All of the above are good things, and few would argue with them. One
obvious concern is that test-driven design might slow down
development. It does take time to write tests, but by writing the
tests first, you gain insight into the implementation, which speeds
development. Debugging the implementation is faster, too, thanks to
immediate and reproducible feedback that only an automated test can
provide.
Perhaps the greatest time savings from unit testing comes a few months
or years after you write the test, when you need to extend the API.

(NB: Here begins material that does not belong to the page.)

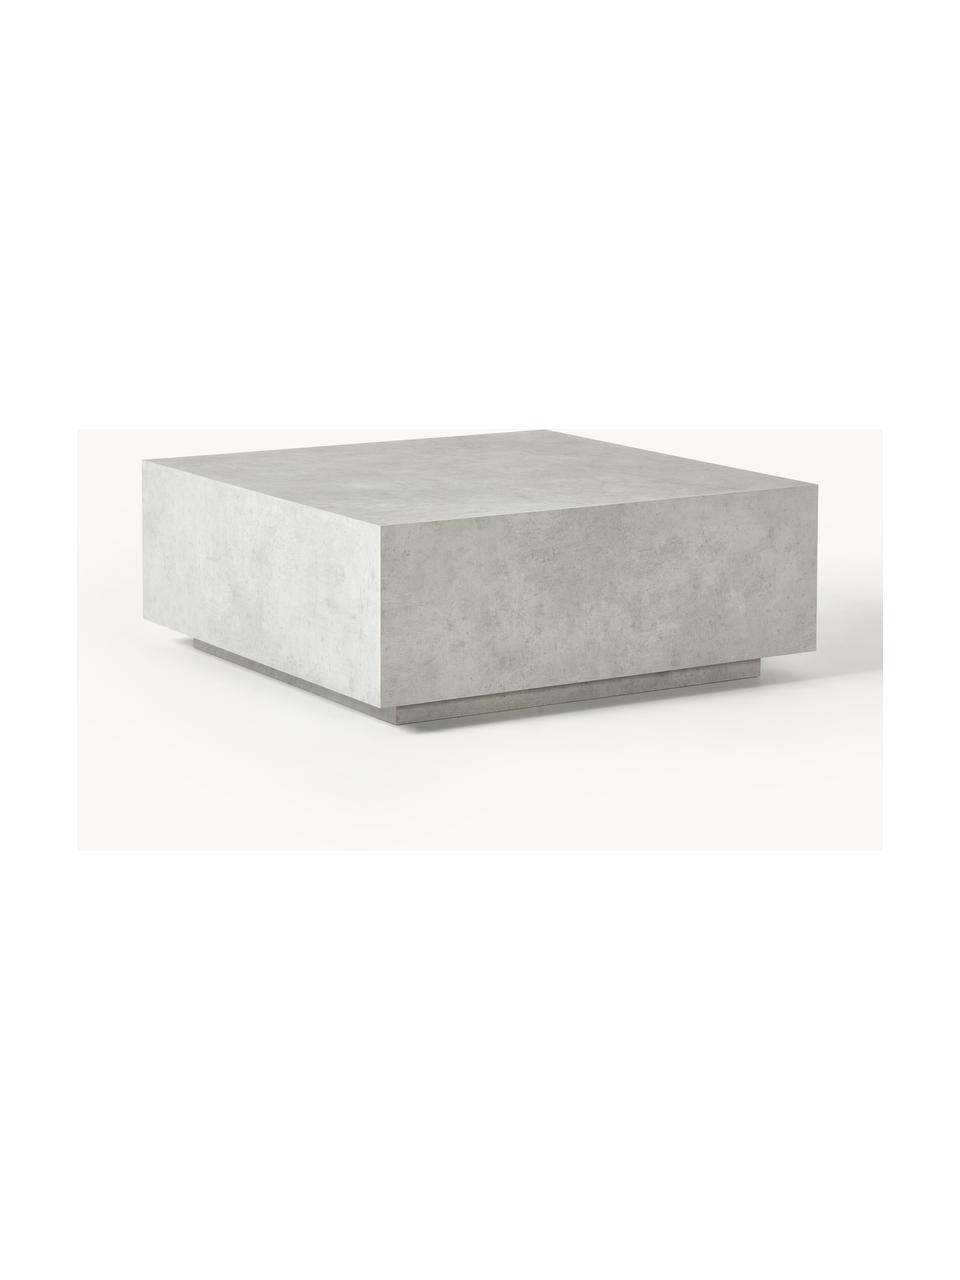 Konferenční stolek v betonovém vzhledu Lesley, MDF deska (dřevovláknitá deska střední hustoty) pokrytá melaminovou fólií, mangové dřevo, Šedý betonový vzhled, matný, Š 90 cm, H 90 cm

The unit test not only provides you with reliable documentation for
how the API works, but it also validates the assumptions that went
into the design of the API. You can be fairly sure a change didn't
break anything if the change passes all the unit tests written before
it. Changes that fiddle with fundamental API assumptions cause
the costliest defects to debug. A comprehensive unit test suite is
probably the most effective defense against such unwanted changes.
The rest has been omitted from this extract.